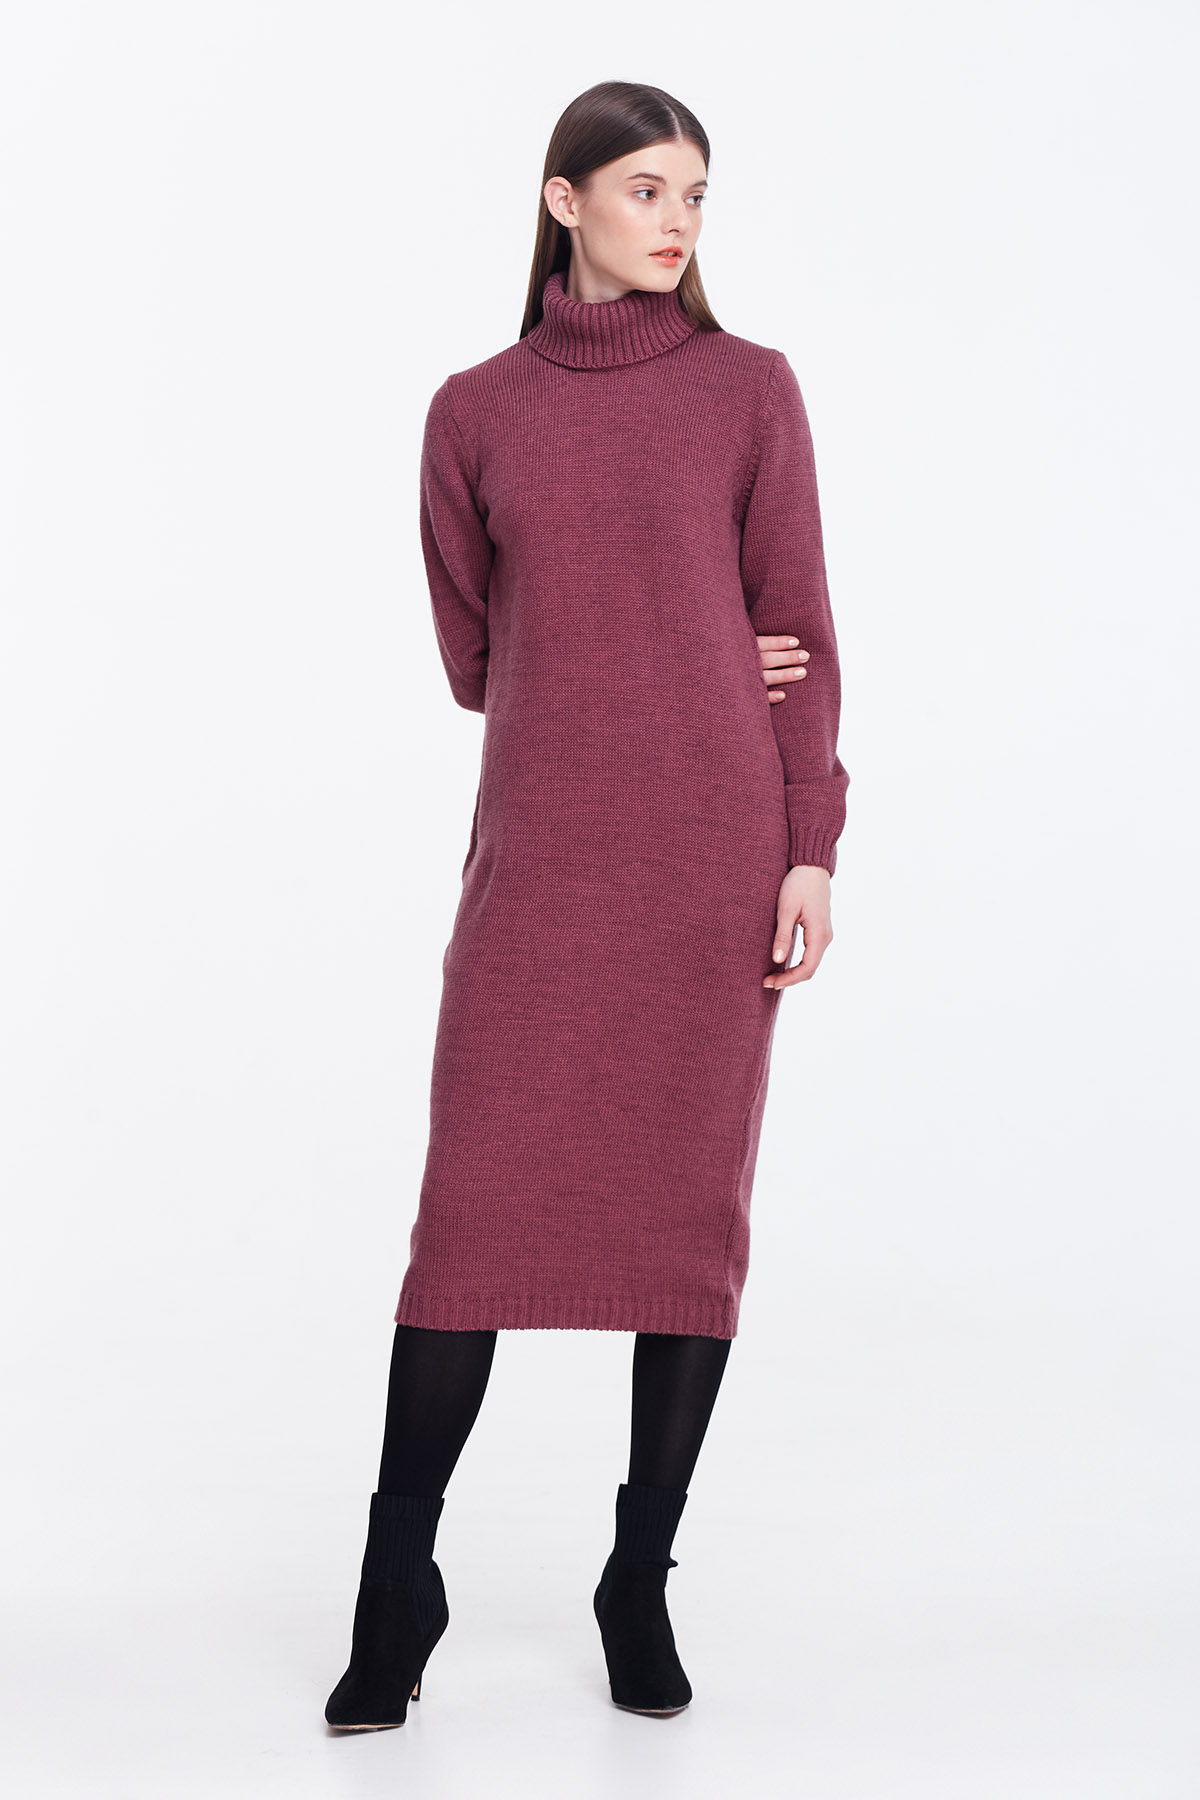 Wine knit dress with a stand up collar, photo 5
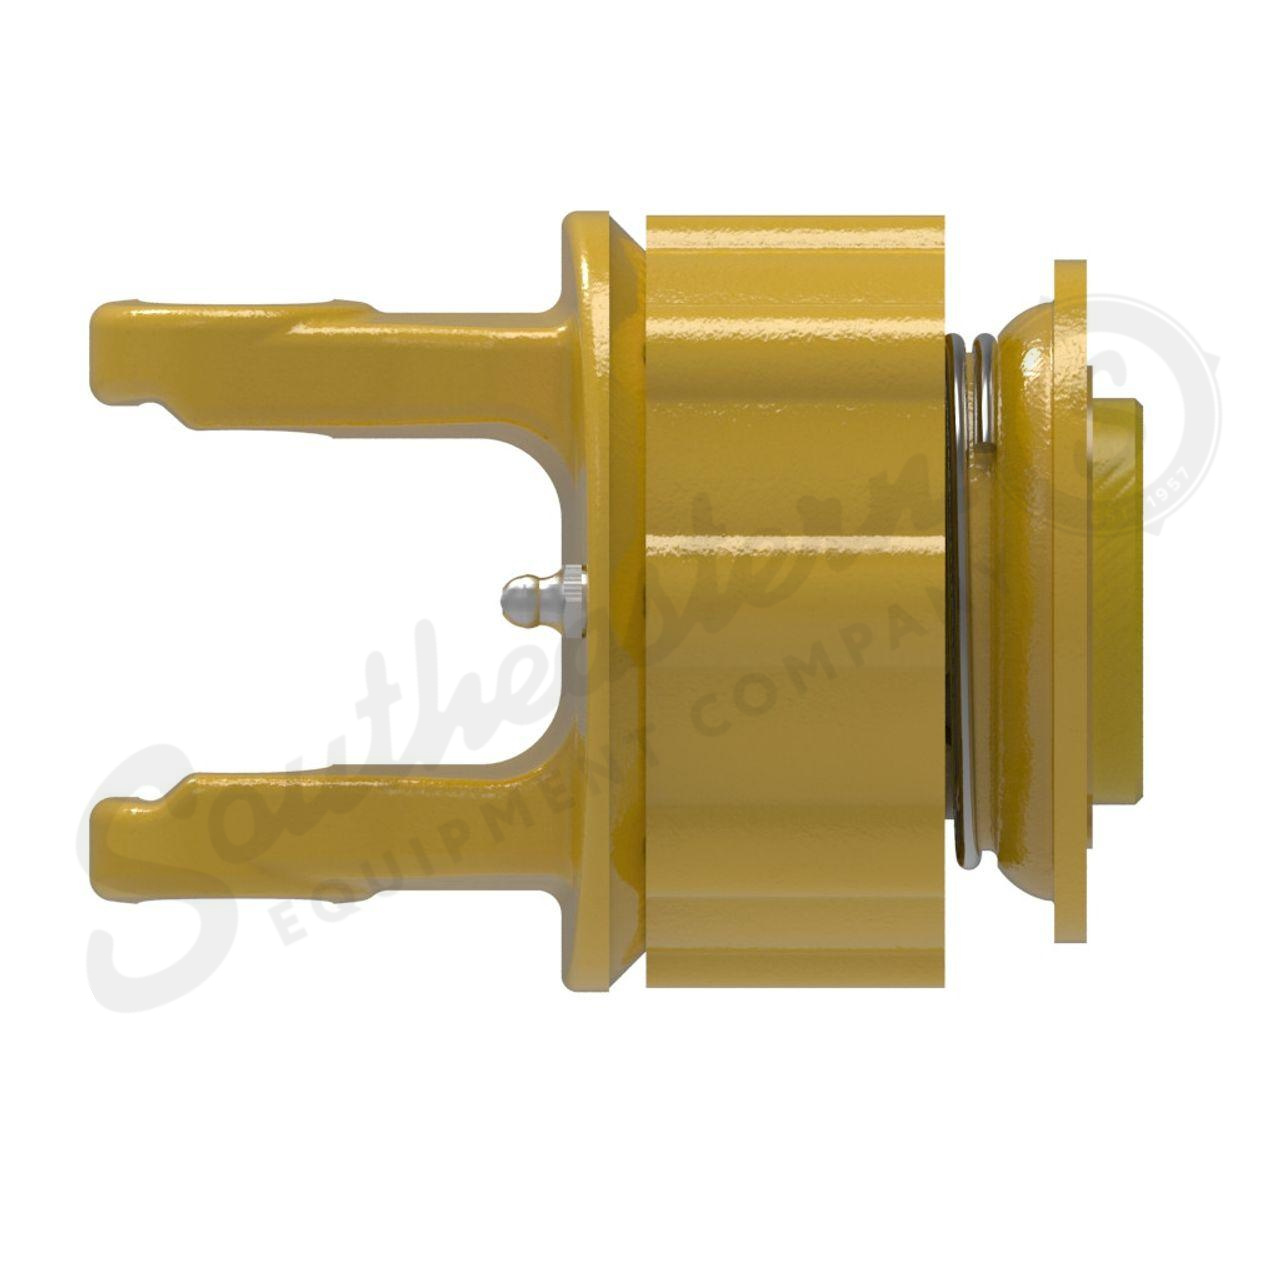 AB2 and AW20 Series Ratchet Clutch Yoke – 1 3/8-6 Spline Bore – Spring-Lok Connection
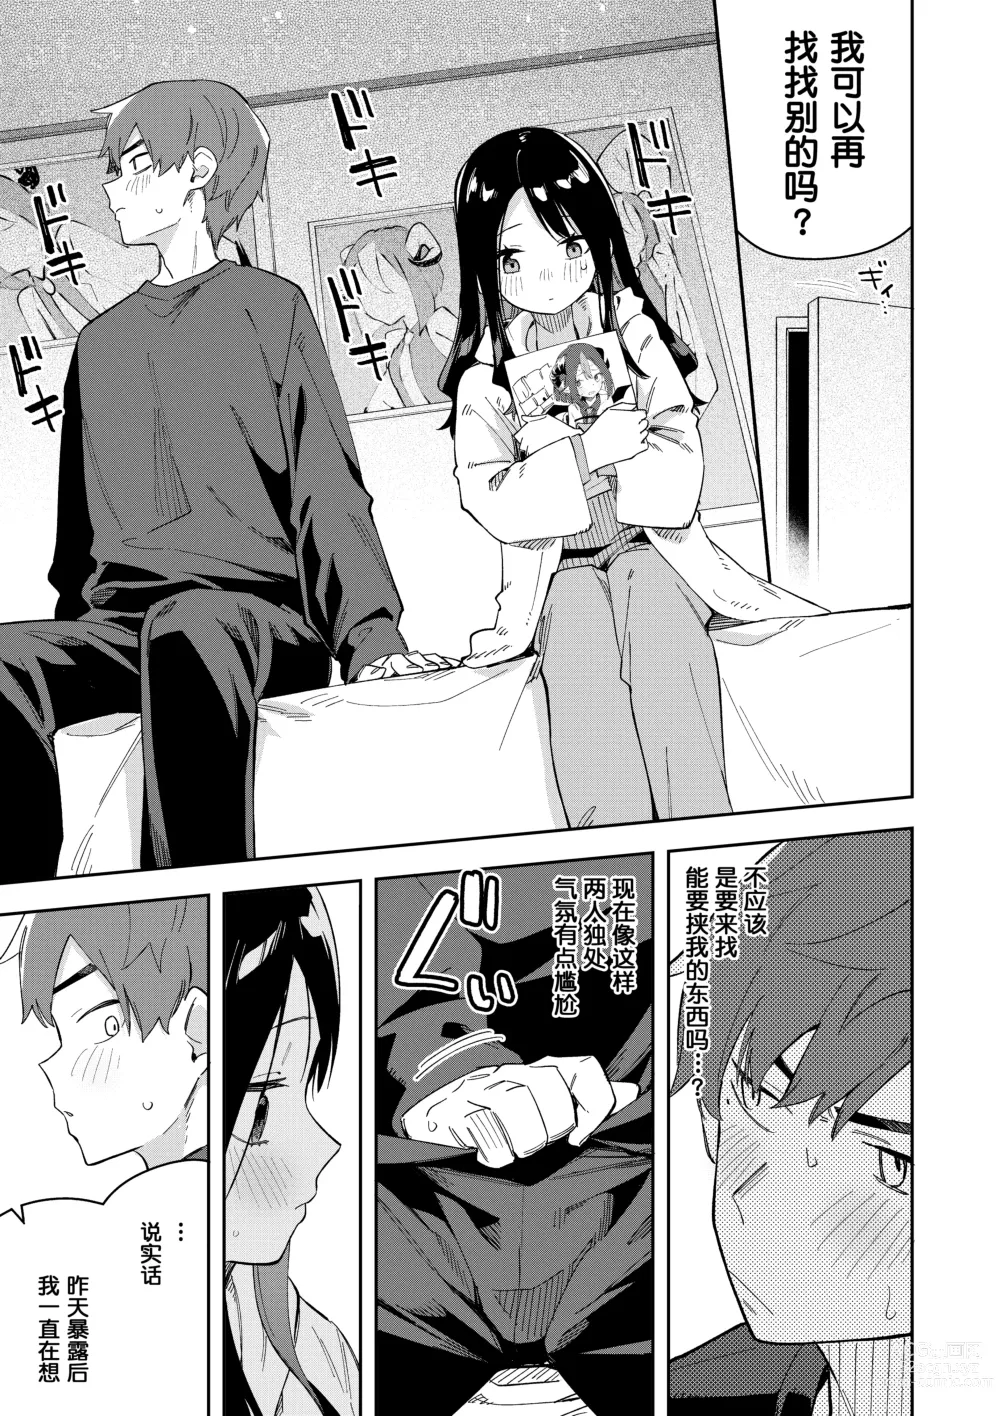 Page 19 of doujinshi 隣人は有名配信者3人目

» **Aim of the task**
Would you give the data above again word for word, minus the pictures?

» **Reply to the exercise**
 Wine knit dress with a stand up collar, photo 5
 AB2 and AW20 Series Ratchet Clutch Yoke – 1 3/8-6 Spline Bore – Spring-Lok Connection
 Page 19 of doujinshi 隣人は有名配信者3人目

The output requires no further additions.